How big is the difference with just changing the 24-bit color option while per-pixel lighting is off?

Its a very small difference of 2~3 FPS, I just decided to report it because the description of the option itself said that it doesnt affects the performance.

Maybe the description can be updated to something more like “Slightly decreases performance while being more accurate to the original hardware” or something among those lines for both Pixel Light and 24 bit color…

Actions #4

Updated by phire over 1 year ago

Fair enough.

Technically both statements are accurate; Pixel lighting says "rarely causes slowdowns". I think it's assuming the user isn't trying to run at stupidly high IRs.
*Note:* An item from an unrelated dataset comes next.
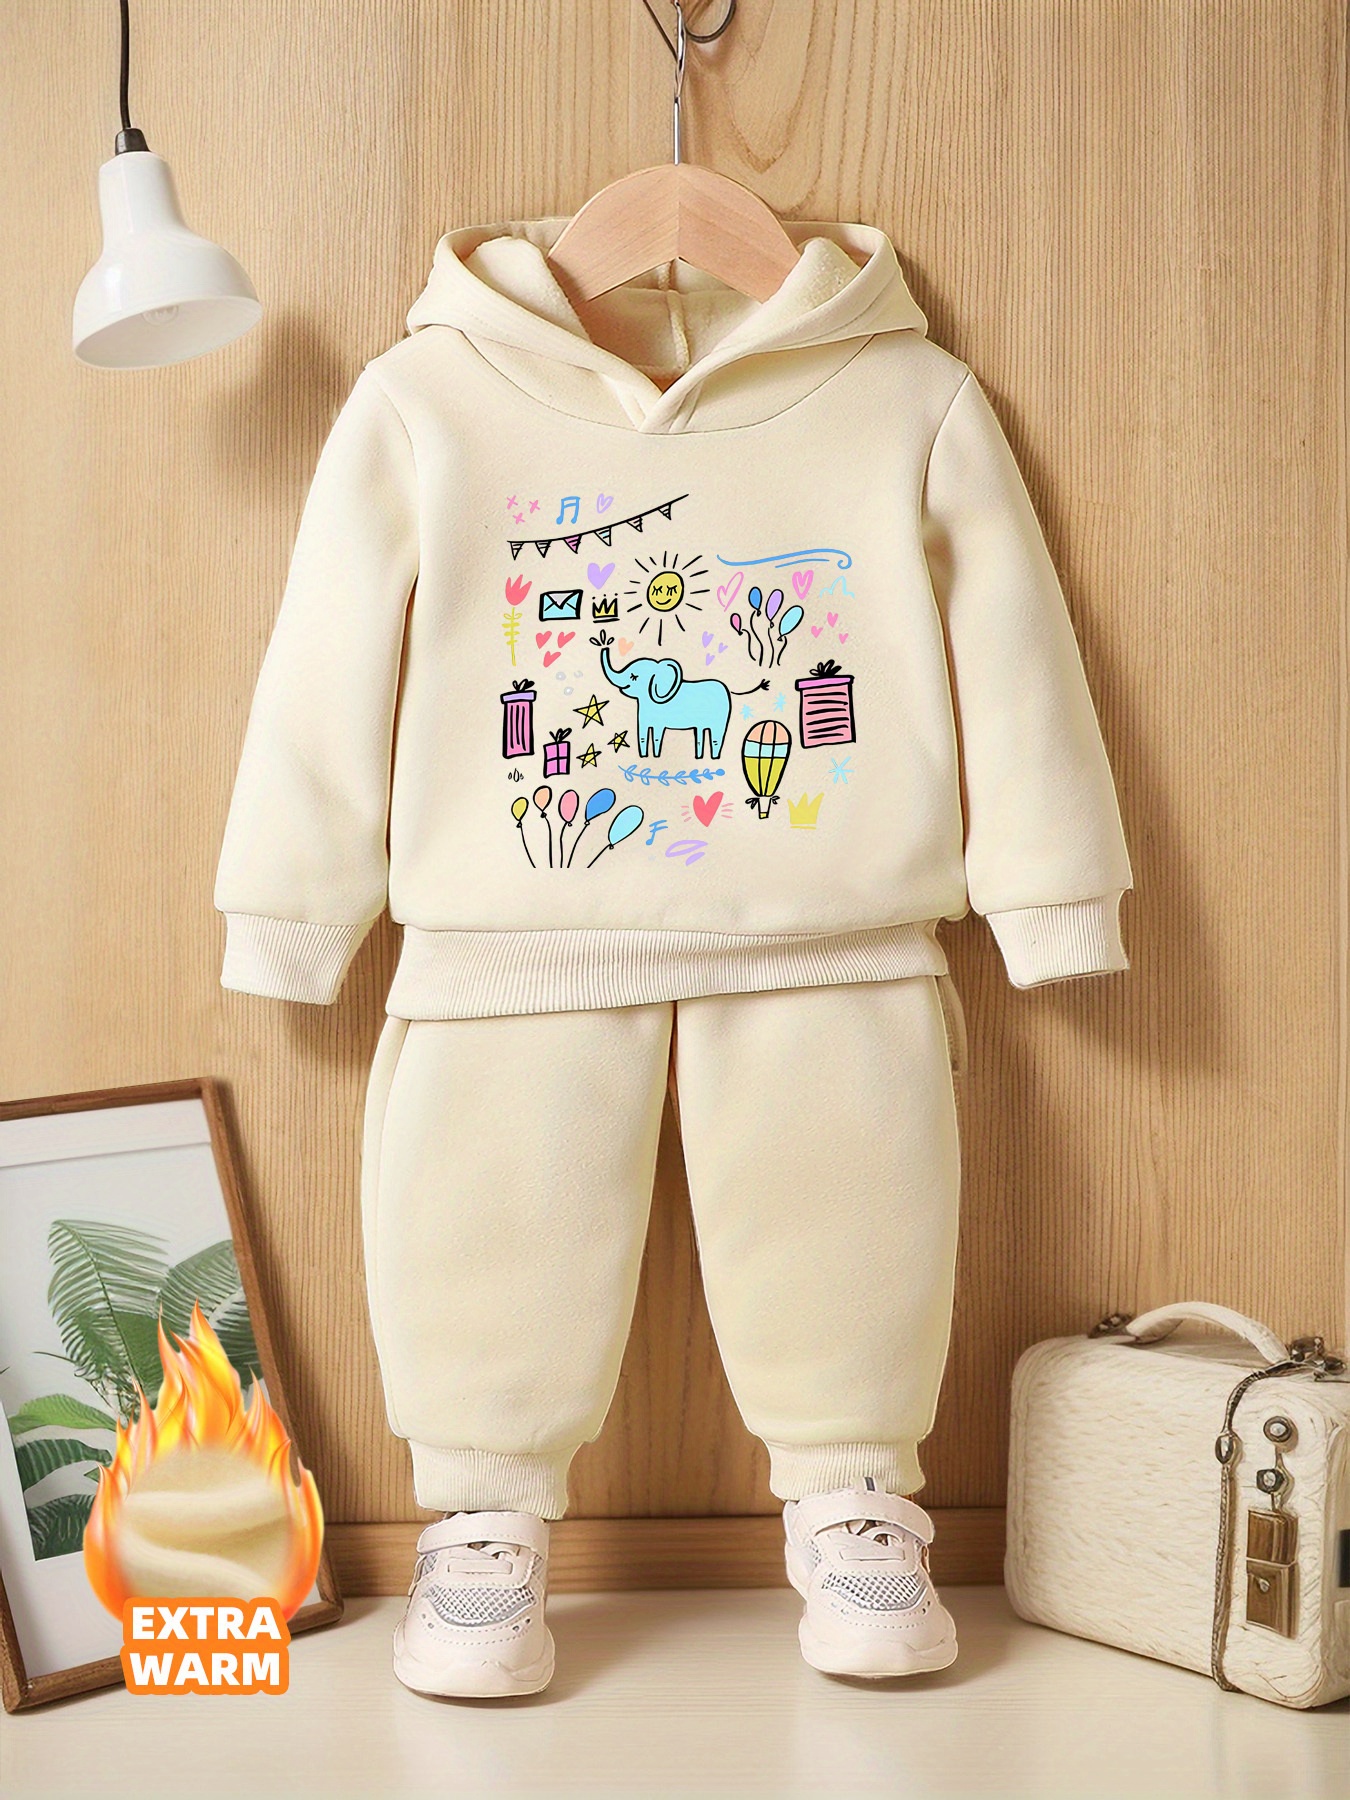 Cute Toddler/Girl Fashionable Sweat Pant and T-Shirt Street Wear Set Size

Should probably be changed to be more explicit about this.

And when 24 bit color says it won't impact performance, it's really wanting to say that enabling it won't negatively impact performance.

There is a general theme on the "Enhancements" page that enhancements might cause negative performance impacts, and it's only wanting to point out the enhancements that won't. Disabling fog and copy filter probably also have a small performance improvement. Perhaps we should change them to be more explicit about potential performance advantages.